今回の戦争が民主主義国の結束を強めたというのはファンタジーにすぎない Foreign Affairs2022年4月4日より
Foreign Affairsに「The Fantasy of the Free World Are Democracies Really United Against Russia?」(https://www.foreignaffairs.com/articles/india/2022-04-04/fantasy-free-world)と題する記事が2022年4月4日に掲載された。前提として今回のウクライナ危機で民主主義国が結束を強めた、あるいは強めるべきだという論が同誌をはじめとして散見されることへの反論となっている。おおまかな趣旨は下記である。
●今回の戦争は民主主義陣営に亀裂を生み、アジアの自立を促進する結果となる可能性が高い
3月2日の国連総会での結果をもって、反ロシアで団結していると考えるのは早計だ。まず、インドや南アフリカをはじめとする民主主義陣営は棄権した。中南米の国々は賛成票を投じても経済制裁には参加していない。アジア・アフリカ諸国の半数近くが、この決議に棄権または反対票を投じた。そして、米国とEUの対ロシア制裁に全面的に参加しているアジアの国は、日本、シンガポール、韓国の3カ国だけである。
結束が強まったのは西側諸国だけで、アジアはそこに含まれていない。重要なのはすでに地政学的重要度はヨーロッパからアジアに移っており、中国を軸にどのような均衡を実現すべきを模索している。
欧米では今回のような侵略を驚きをもって受け止められているが、アジアはベトナム戦争やイラク侵攻、その他の代理戦争で何度も経験している。
今回の戦争はアジアには深刻な影響をもたらさない可能性が高く、むしろ欧米との亀裂を深め、アジアの自立を加速する可能性が高い。また、ヨーロッパもアメリカへの依存を減らし、戦略的自立性を高めることになる。
●感想
なるほどと納得したけど、アジアというよりもグローバルサウスの自立なのかもしれない。
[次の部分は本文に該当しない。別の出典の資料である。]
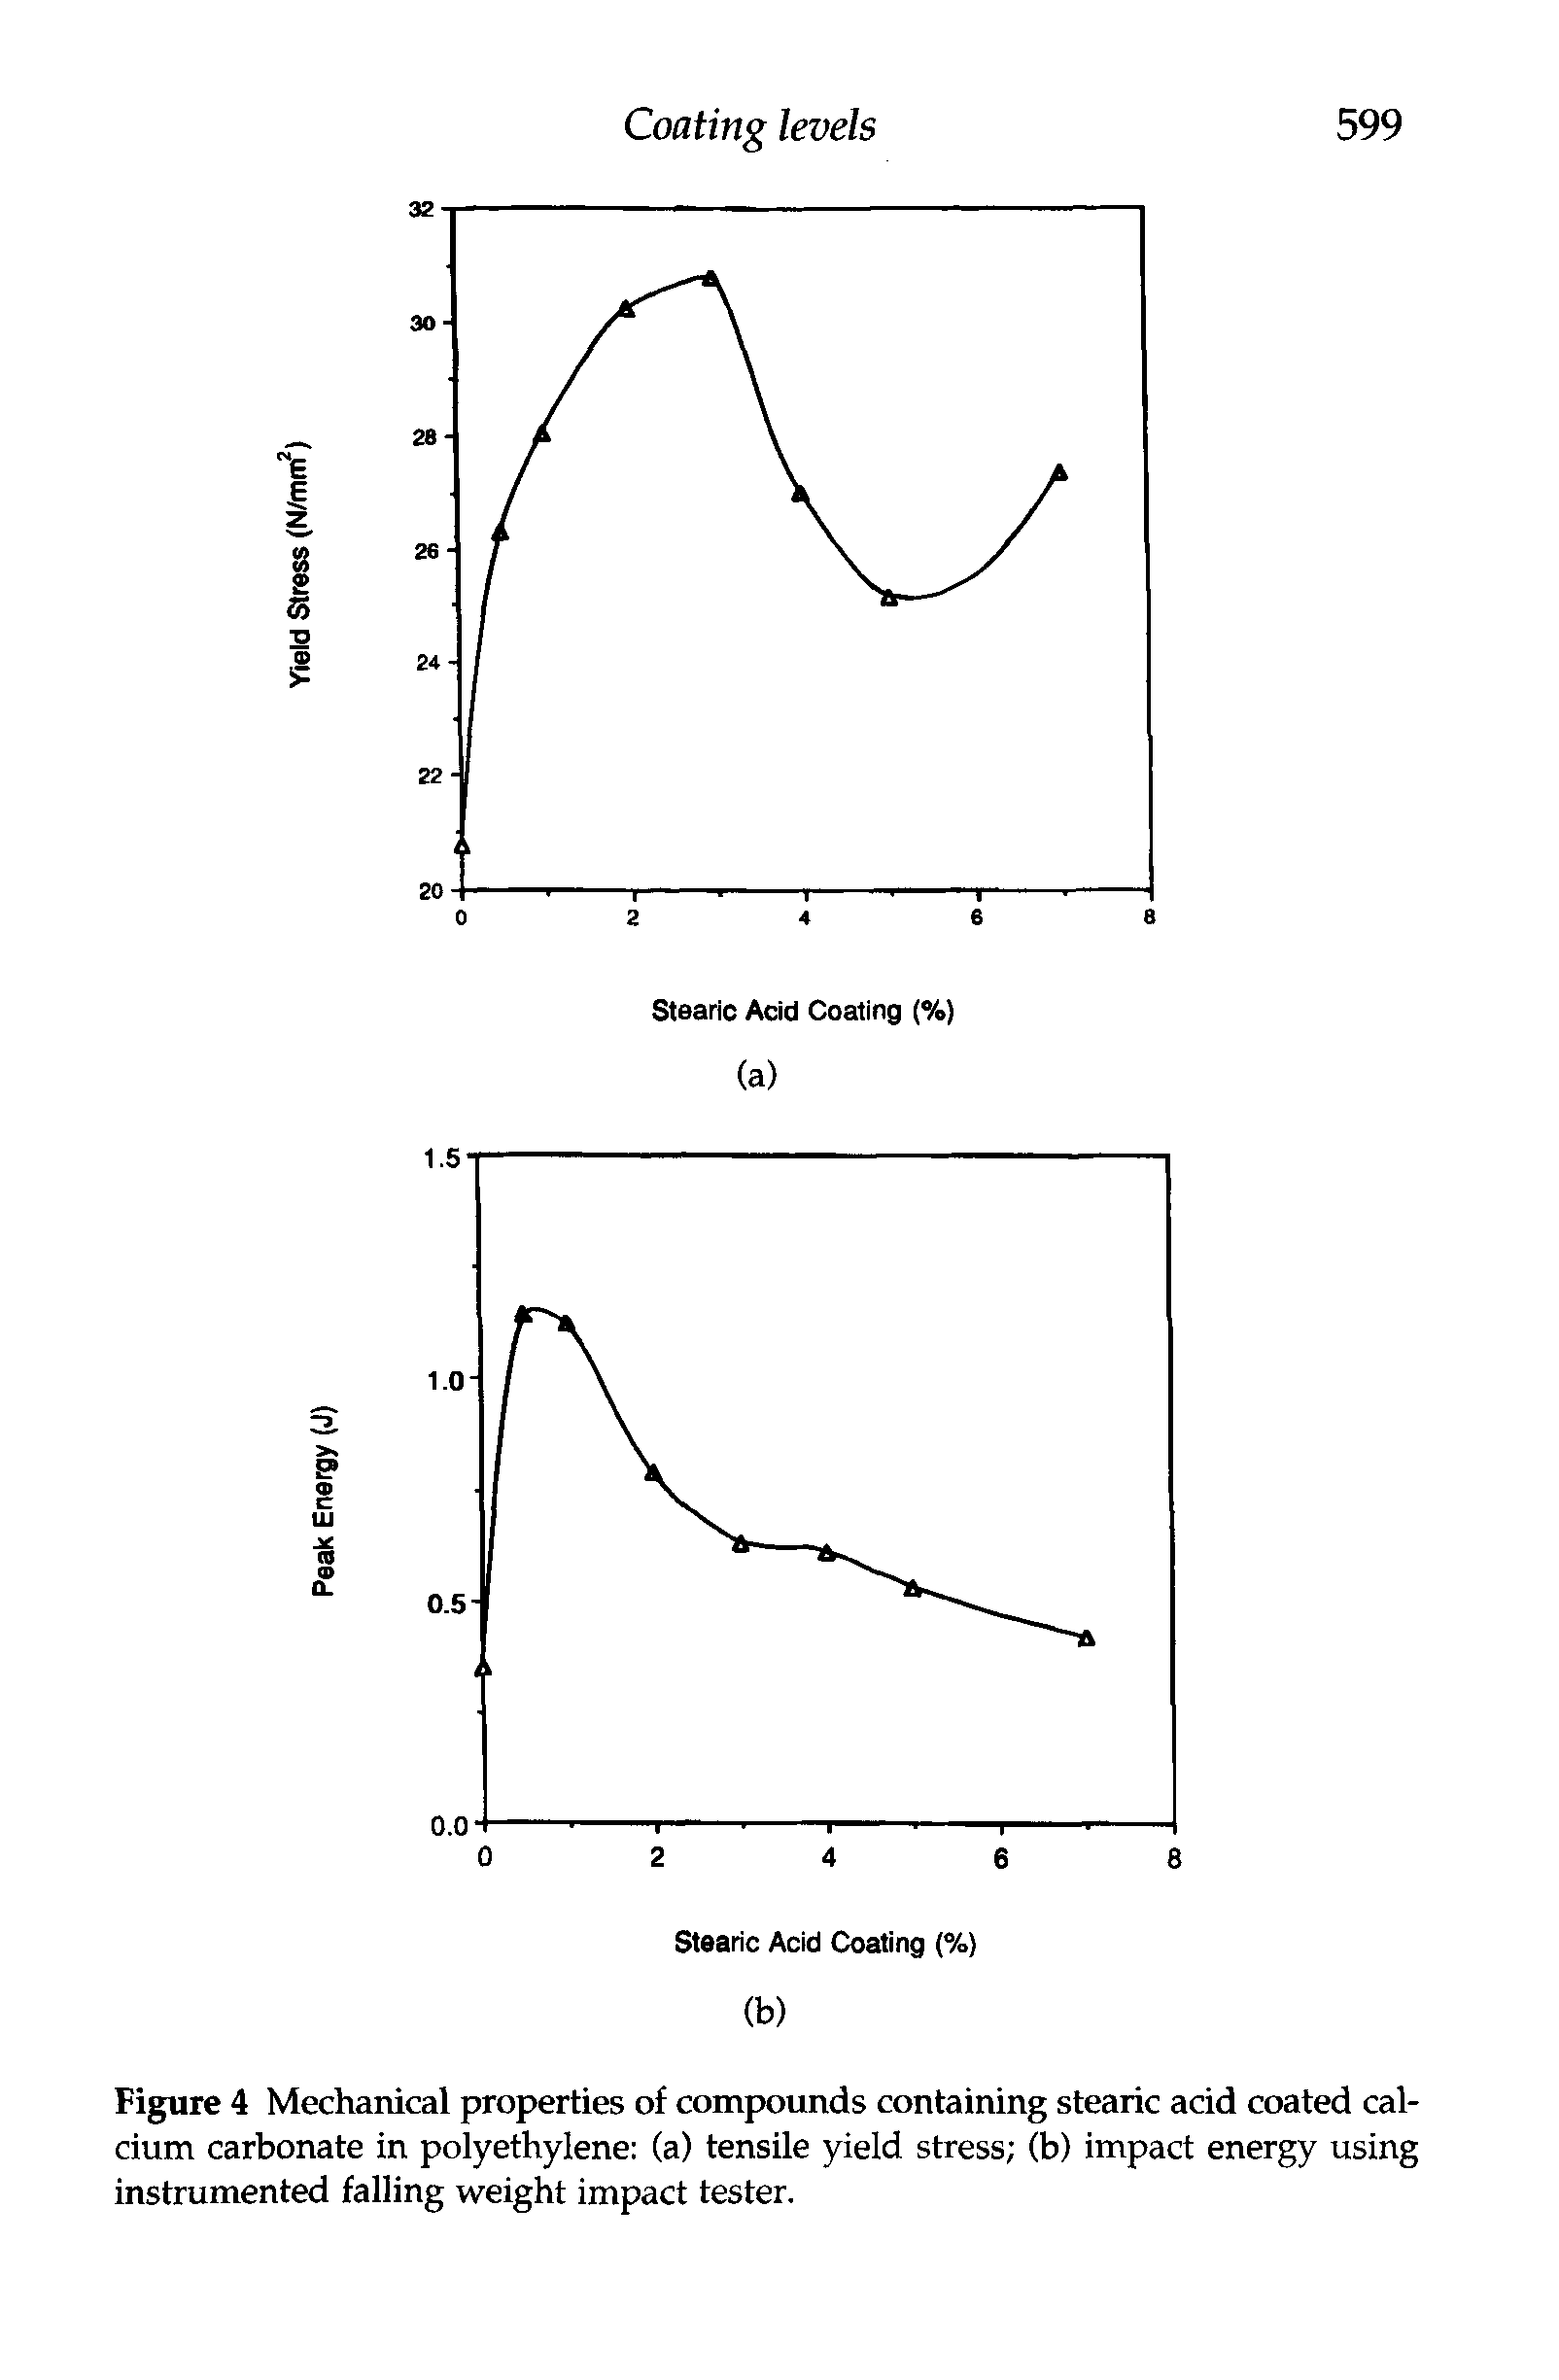 Figure 4 Mechanical properties of compounds containing stearic acid coated calcium carbonate in polyethylene (a) tensile yield stress (b) impact energy using instrumented falling weight impact tester.

グローバルサウスといった時には、日本、韓国、シンガポールといった国連総会で賛成票を投じた国は入らない。
そう考えると、グローバルノースではあるが、欧米ではない日本はすごく微妙な立場になる。自立を進めるアジアとの関係を保ちつつ、基本はアメリカに依存し、欧州ともよい関係と続け、中国ともビジネス面では取引してゆく。パンデミックと今回の戦争でグローバリゼーションが後退して分断が進む中、資源小国で、アジアあってグローバルサウスでなく、グローバルノースであっても欧米ではない日本はどうなるのだろう?